On Tim Farron

I’m Christian. I’m bisexual. I’m a member of the Labour party. And I am finding the tone of the commentary surrounding Tim Farron’s resignation somewhat upsetting.

I am not qualified to make pronouncements on Tim Farron’s beliefs. (Not that this seems to be stopping anyone else.) And so I’m just going to make a couple of observations, in what’s probably a pointless effort to introduce some nuance to the debate. One:

  • In Church language, ‘We’re all sinners’ is usually code for ‘I wish to describe some other group of people as sinful, but know that this will be frowned upon.’ Usually, but not always. However, even if one is inclined to extend the benefit of the doubt, this was at best a massive error of judgement.

Two, and I fear I’m going to be saying this for the rest of my life:

  • The assumption that LGBTQ and religious identities are mutually exclusive does not make life easier for those who happen to have both.

That’s it. Carry on.

2 thoughts on “On Tim Farron”

  1. My problem with Farron (in this instance) formulation of his problem was that he said this “To be a political leader – especially of a progressive, liberal party in 2017 – and to live as a committed Christian, to hold faithfully to the Bible’s teaching, has felt impossible for me.

    I’m a liberal to my finger tips, and that liberalism means that I am passionate about defending the rights and liberties of people who believe different things to me.

    There are Christians in politics who take the view that they should impose the tenets of faith on society, but I have not taken that approach because I disagree with it – it’s not liberal and it is counterproductive when it comes to advancing the gospel.

    Even so, I seem to be the subject of suspicion because of what I believe and who my faith is in.

    In which case we are kidding ourselves if we think we yet live in a tolerant, liberal society.”

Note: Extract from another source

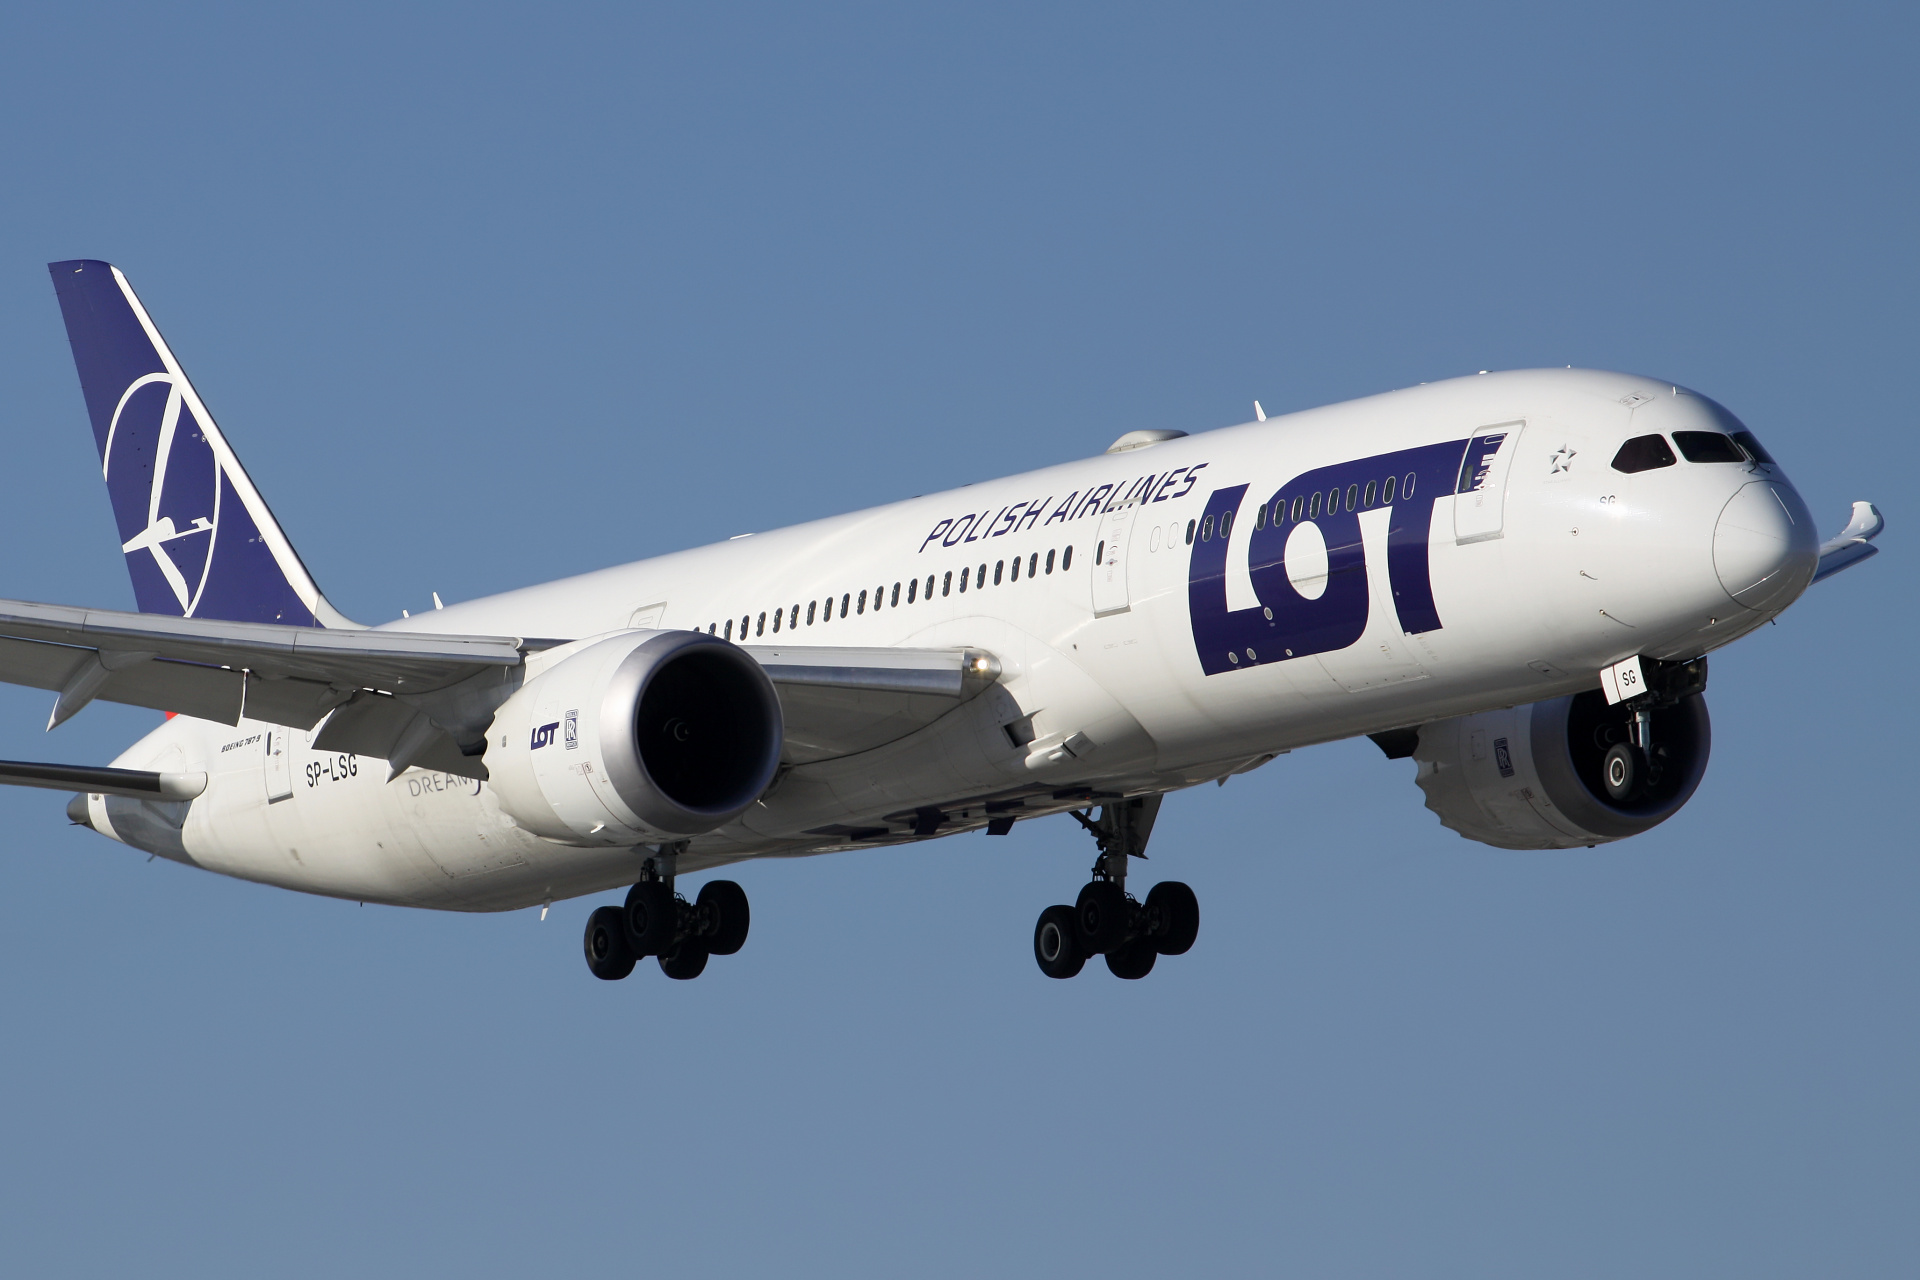 SP-LSG (Aircraft » EPWA Spotting » Boeing 787-9 Dreamliner » LOT Polish Airlines)

    He expressly said “the Bible’s teachings” and I presume he must be referring to Paul because it always is Paul. But my problem with that is that Paul is even more definite on the subject of women not being in management roles and being in subjection to their husbands than he is about homosexuality. Indeed, to the extent that CofE had a theological position on SSM, to the extent it wasn’t comprised of a combination of “Ooh, icky!” and “For God’s sake let’s not upset the Ugandans” it was expressly based in complementarism, and I regard complementarism as a very real threat. Farron is basically saying his version of tolerant liberalism means provided he doesn’t overtly discriminate against or use pressure to conform against people his version of the Bible tells him are going to hell, then they are being mean, illiberal poopy-heads when they get upset about the views themselves.